Population (December 2020)
- • Total: 5,760
- • Density: 412/km^{2} (1,070/sq mi)
- Demonym: German: Unterseener(in)
- Time zone: UTC+01:00 (CET)
- • Summer (DST): UTC+02:00 (CEST)
- Postal code: 3800
- SFOS number: 593
- ISO 3166 code: CH-BE
- Localities: Unteres Stadtfeld, Wellenacher, Neuhaus, Mühleholz, Däleboden, Chiemberg, Stolle, Luegiwald, Hindere Harder, Harderkulm, Vordere Harder, Hohmüedig, Mühleholz, Breite
- Surrounded by: Beatenberg, Därligen, Habkern, Interlaken, Leissigen, Ringgenberg
- Website: https://www.unterseen.ch

= Unterseen =

Unterseen (/de-CH/) is a historic town and a municipality in the Interlaken-Oberhasli administrative district in the canton of Bern in Switzerland.

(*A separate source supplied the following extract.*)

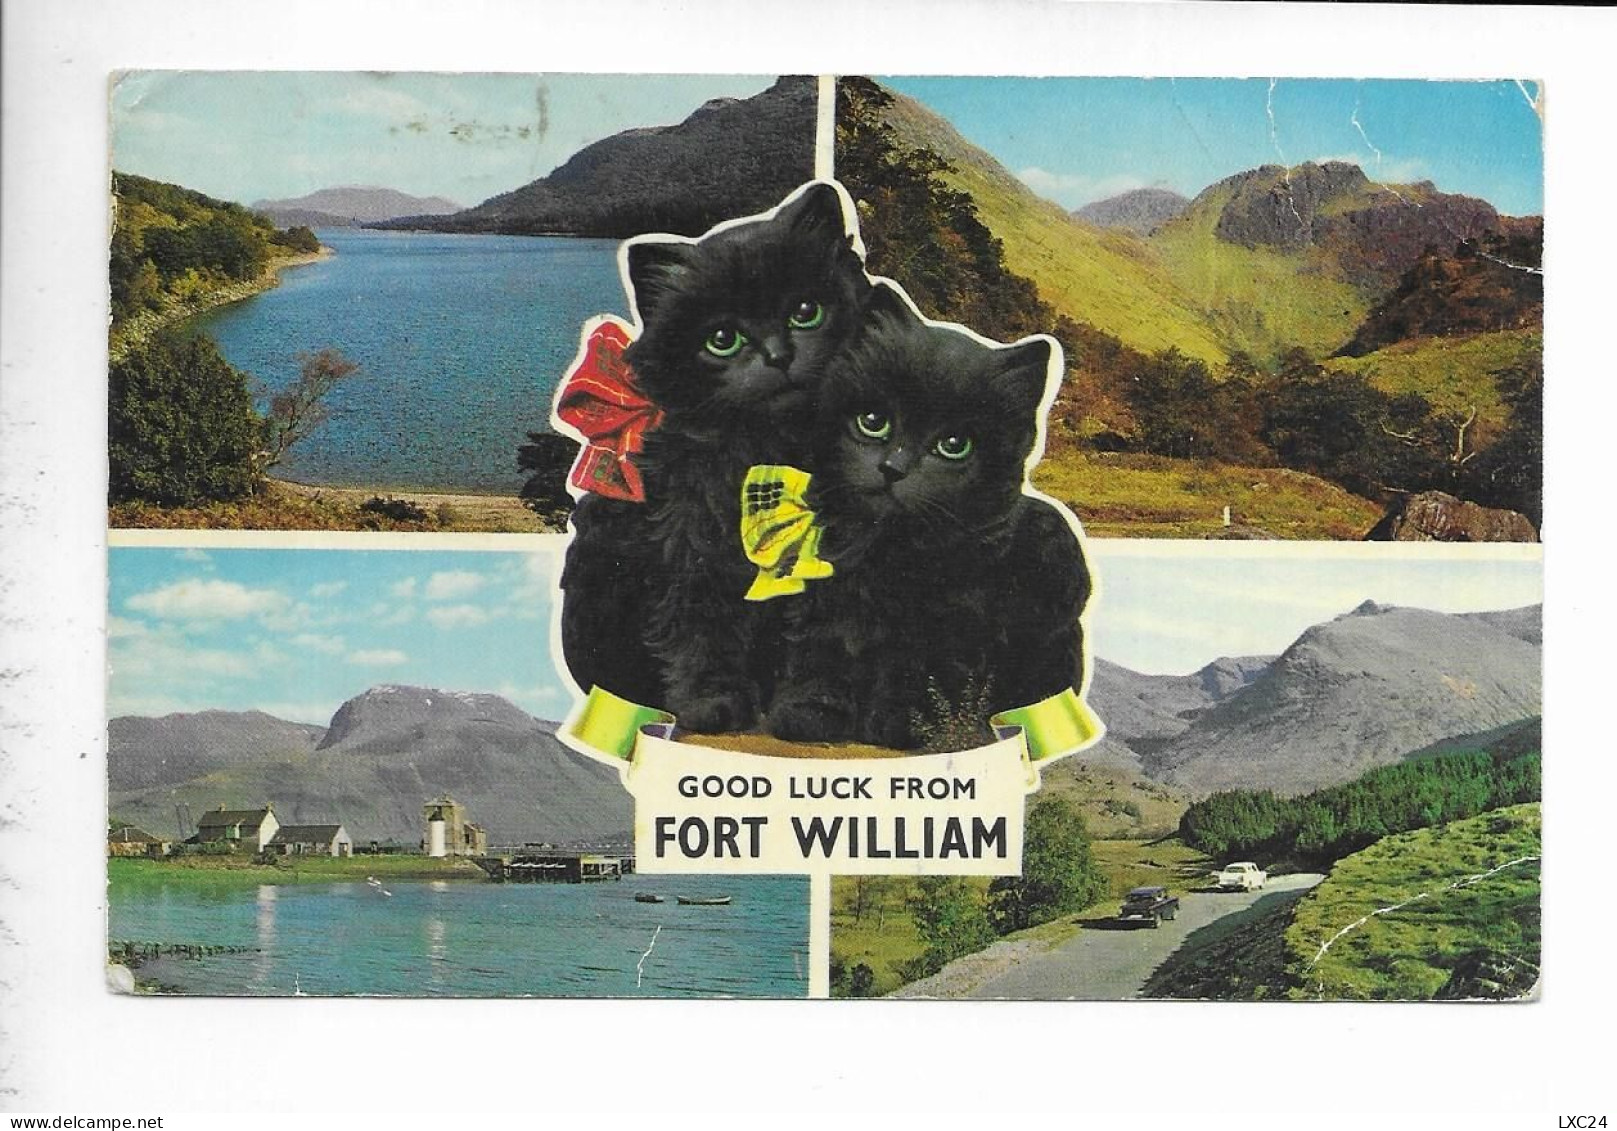 GOOD LUCK FROM FORT WILLIAM. - Inverness-shire
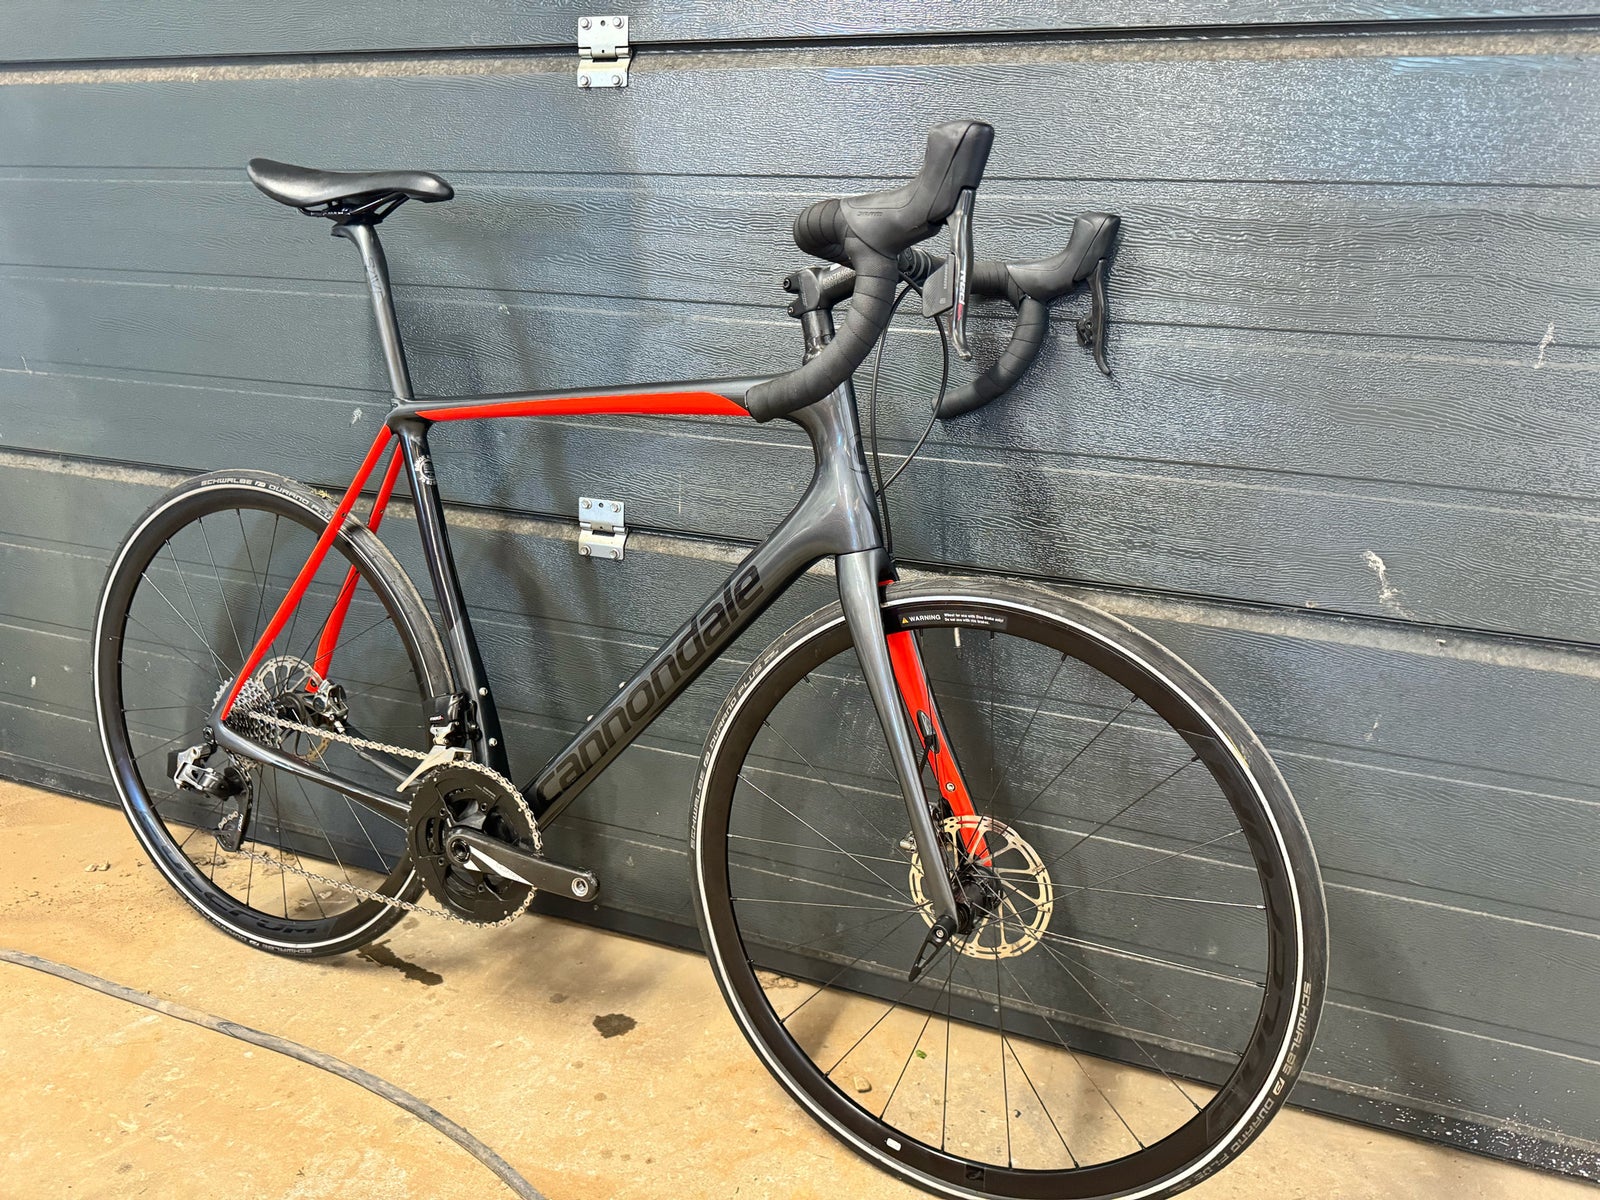 Herreracer, Cannondale Synaps, 58 cm stel

Unterseen is a german calque of the latin name Interlaken (meaning "between the lakes"), and is located on the flat area on the eastern shore of Lake Thun between the two creek Lombach below the Chienberg to the north and the Aare to the south, which both flow into Lake Thun. The historic town however is mainly found at the northern bank of the Aare, which flows here from Lake Brienz to Lake Thun (therefore lower lake). Just across the Aare is the town of Interlaken. Both municipalities are located on the flat alluvial land among steep mountains, which is also called the Bödeli.

Unterseen belongs to the Small Agglomeration Interlaken with 23,300 inhabitants (2014).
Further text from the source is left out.